Мне вспоминается еще одна встреча, в общем уже печальная... Это было время, когда уже сгущались тучи. Я помню, мы приехали к Олегу. /Дома/ был Николай Иванович, потом пришел Сергей Иванович [младший брат Н.И.Вавилова -- В.С.], устроился в бабушкиной комнате на маленьком сундучке. И вот состоялся разговор. Н.И. сказал с горечью, что, садясь в поезд в Ленинграде, он никогда не бывает уверен, что доедет до Москвы. И потом он предупредил нас, детей, чтоб мы были осторожны. Оторвал кусочек бумаги и написал несколько строк по-английски. Смысл их заключался в следующем: 'Если вы хотите, чтоб с ваших уст не соскочило ничего лишнего, прежде всего подумайте, о ком вы говорите, кому вы говорите, где и когда...'' (149).
Однако вне семейного круга Вавилов оставался таким же, как всегда, уверенным, спокойным, собранным.
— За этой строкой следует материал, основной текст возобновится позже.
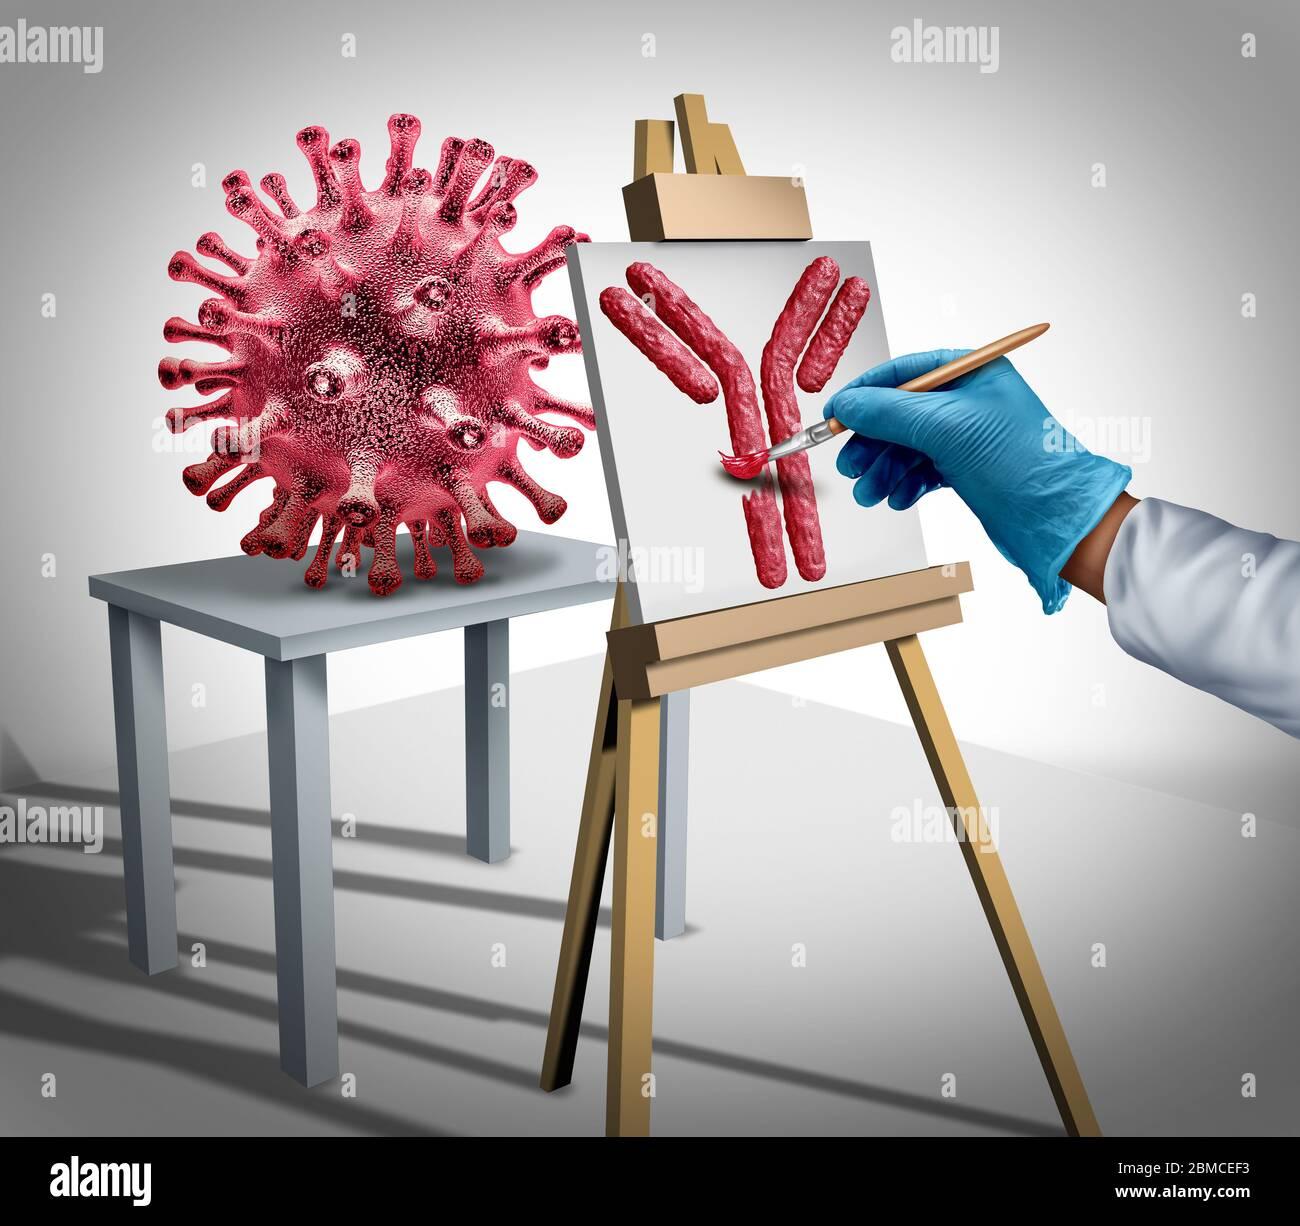 Concept de développement de vaccins contre le virus et recherche médicale sur la grippe ou le coronavirus comme immunoglobuline ou contrôle de la maladie avec un médecin créant un anticorps. Banque D'Images

Он по-прежнему руководил громадой ВИР'а и Институтом генетики АН СССР, но Лысенко и его подпевалы не оставляли любых попыток опорочить работу Вавилова.
23 мая 1939 года под председательством Президента ВАСХНИЛ Лысенко и временно исполнявшего обязанности вице-президента Лукьяненко (в стенограмме этого заседания, приведенной Медведевым, видимо, имеется ошибка, так как Лукьяненко назван вице-президентом /150/) на заседании Президиума ВАСХНИЛ был заслушан отчет дирекции ВИР. Новые руководители академии устроили докладчику -- Вавилову настоящую обструкцию. Стенограмма этого заседания -- документ, показывающий моральное падение людей, занявших высокие административные посты и призванных развивать науку, а не разрушать её.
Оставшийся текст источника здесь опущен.